Q14. Curve: KE on x-axis, # molecules on y-axis; threshold Ea shown. ↑T: curve broadens / shifts right, more area beyond Ea. Catalyst: lowers Ea position to the left → more molecules exceed it. Both increase rate but via different mechanisms.

Q15. Initial pH ≈ 2.87. Half-eq (12.5 mL): pH = pKa = 4.74. Equivalence (25.0 mL): pH ≈ 8.7 (basic — acetate hydrolyzes). Indicator: phenolphthalein.

Q16. Anode (Zn|Zn²⁺) on left: Zn → Zn²⁺ + 2e⁻. Cathode (Cu²⁺|Cu) on right: Cu²⁺ + 2e⁻ → Cu. e⁻ flow Zn→Cu via wire; salt-bridge cations move to Cu side, anions to Zn side. E°cell = +1.10 V; net: Zn + Cu²⁺ → Zn²⁺ + Cu.

Q17. Addition: alkene → polyethylene; nonbiodegradable, persistent waste.
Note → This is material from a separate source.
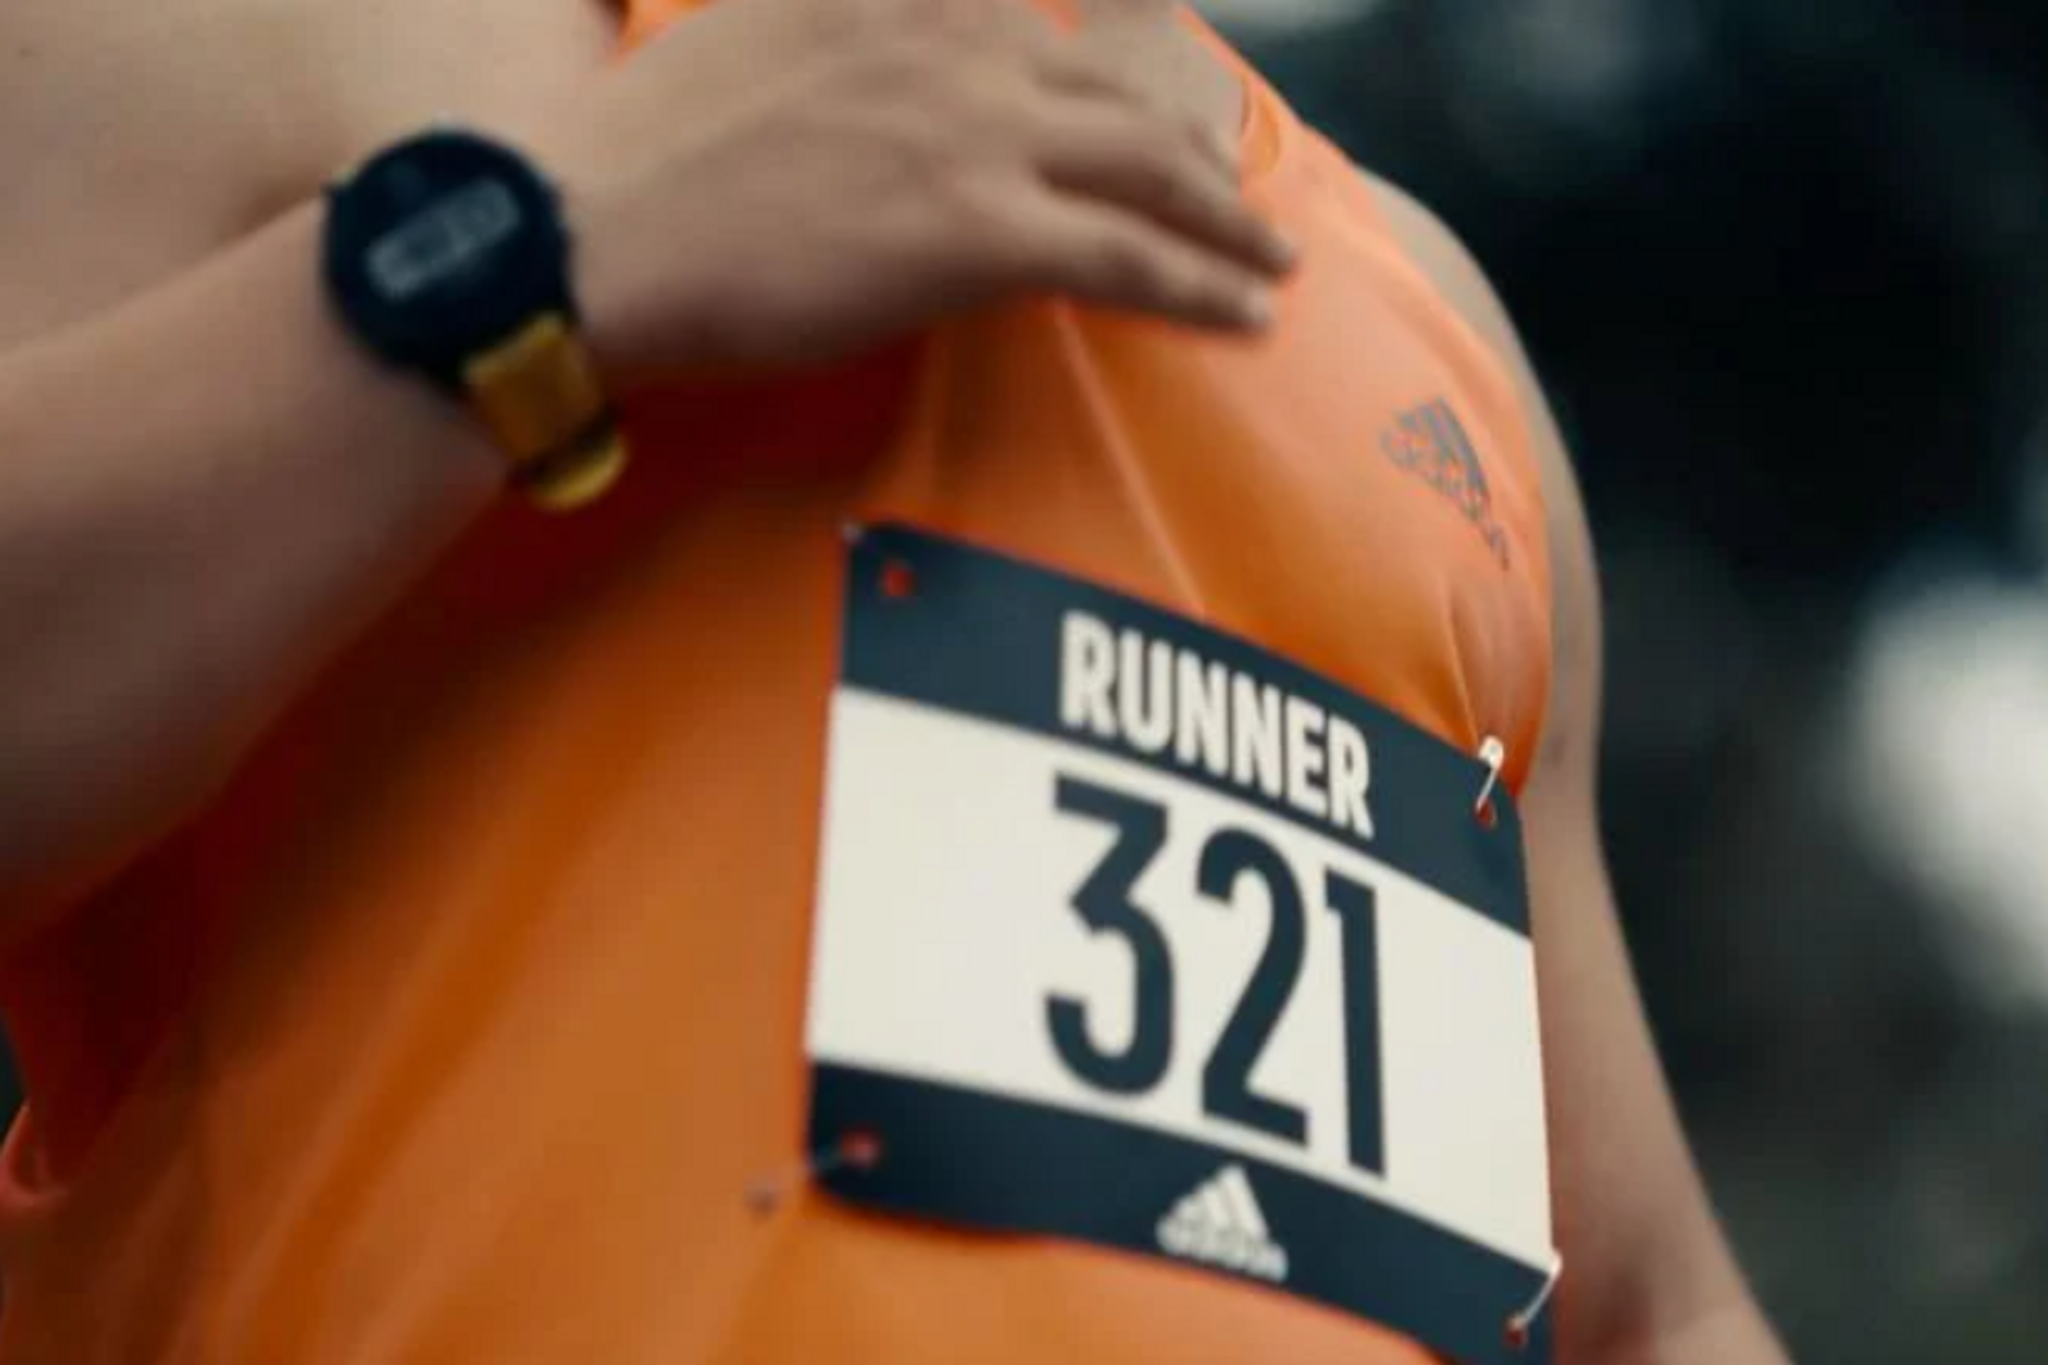 Adidas' Runner 321 ad spotlights Down syndrome athletes

Condensation: diacid+diol → polyester (or diamine+diacid → nylon); releases water; many polyesters are recyclable.

Q18. q = CΔT = 8.50 × 4.62 = 39.27 kJ. n(glucose)=0.500/180.16=2.775×10⁻³ mol → ΔHcomb = −39.27/2.775×10⁻³ = −14150 kJ/mol ≈ −14.2 MJ/mol. Per gram: 39.27/0.500 = 78.5 kJ/g (≈ 18.8 kcal/g) — close to the 4 kcal/g often cited (note: bomb calorimeter measures heat of complete oxidation; food values use Atwater factors).
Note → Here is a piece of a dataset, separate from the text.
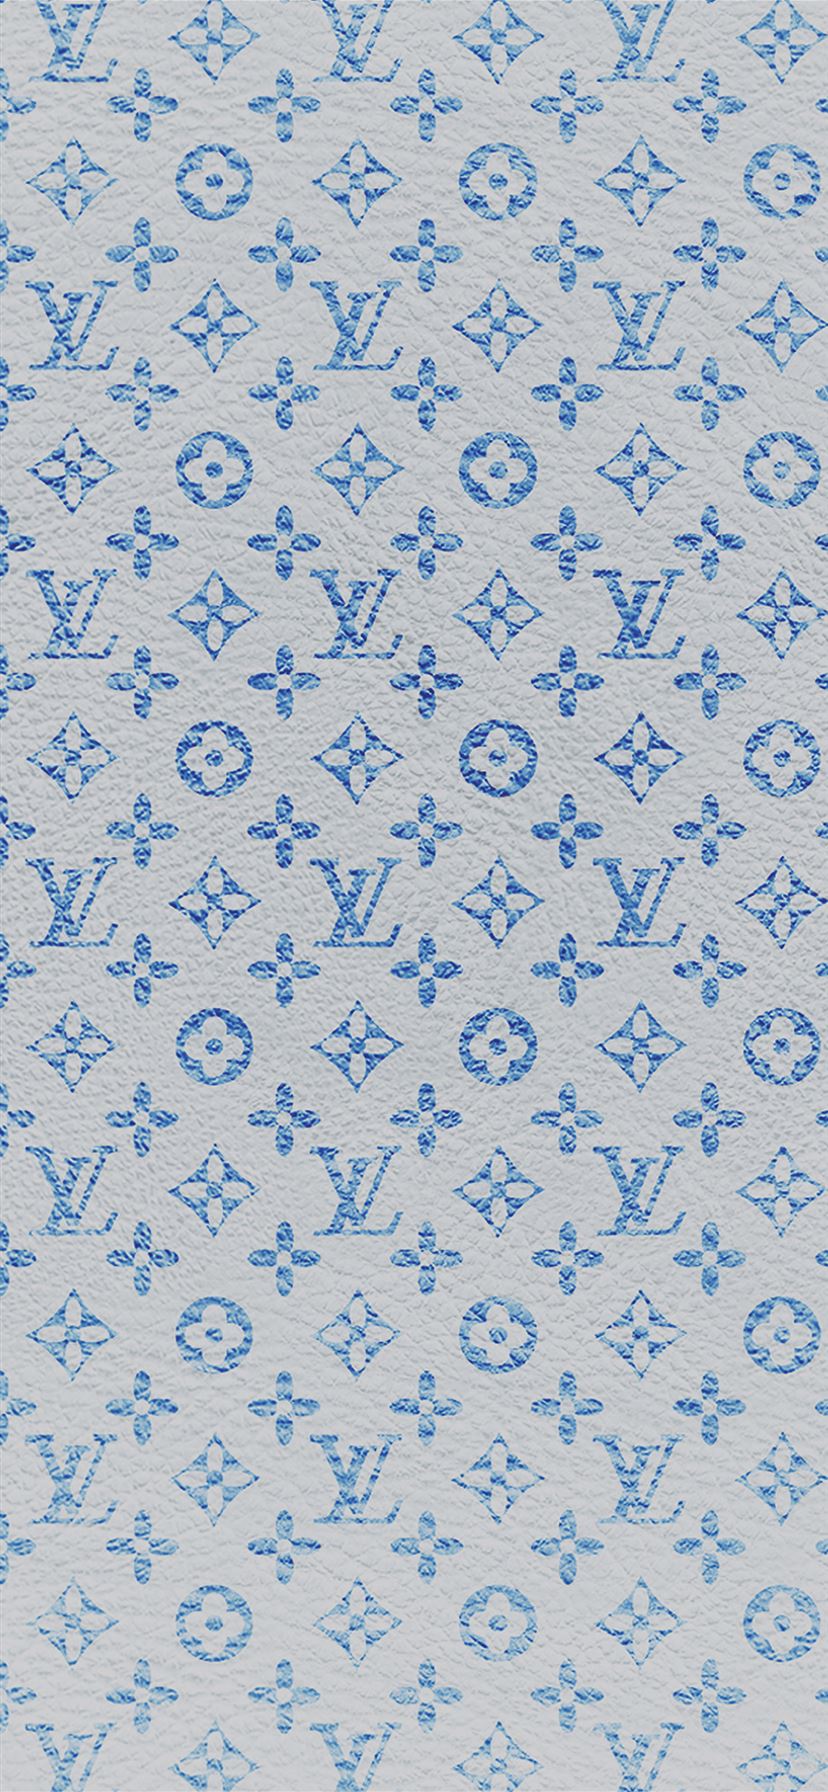 Louis Vuitton blue pattern art iPhone X Wallpaper Free Download

Q19. ΔH<0 → ↓T favours forward (more NH₃). High kinetic barrier → ↑T needed for adequate rate. ↑P shifts forward (4 mol → 2 mol gas) and improves yield. Compromise: ~450 °C (rate good, eq still favourable enough), ~200 atm (yield + manageable equipment), Fe catalyst speeds attainment without shifting K.

Q20. Q = It = 1.50×10⁵ × 86 400 = 1.296×10¹⁰ C. n(e⁻) = 1.343×10⁵ mol → n(Al)=4.477×10⁴ mol → m = 4.477×10⁴ × 26.98 = 1.21×10⁶ g ≈ 1.21 t. Energy = QV = 1.296×10¹⁰ × 4.5 = 5.83×10¹⁰ J = 1.62×10⁴ kWh. Impacts: huge electricity demand (often coal/gas → CO₂); fluoride/perfluorocarbon emissions from cryolite bath.

Q21. C₆H₄(OH)COOH + (CH₃CO)₂O → C₆H₄(OCOCH₃)COOH + CH₃COOH. New ester (–OCOCH₃) replaces phenolic OH. Aspirin's ester hydrolyzes in moist air, releasing salicylic acid + acetic acid (vinegar smell).

Q22. (i) Ca²⁺/Mg²⁺ react with stearate to form insoluble scum, reducing surfactant action. (ii) Ca(OH)₂ + Mg²⁺ + HCO₃⁻ → CaCO₃(s) + Mg(OH)₂(s) (Ksp very low → ions removed); Na₂CO₃ + Ca²⁺ → CaCO₃(s). (iii) Mg²⁺ has smaller ionic radius → higher charge density → polarizes water more strongly → larger hydration enthalpy.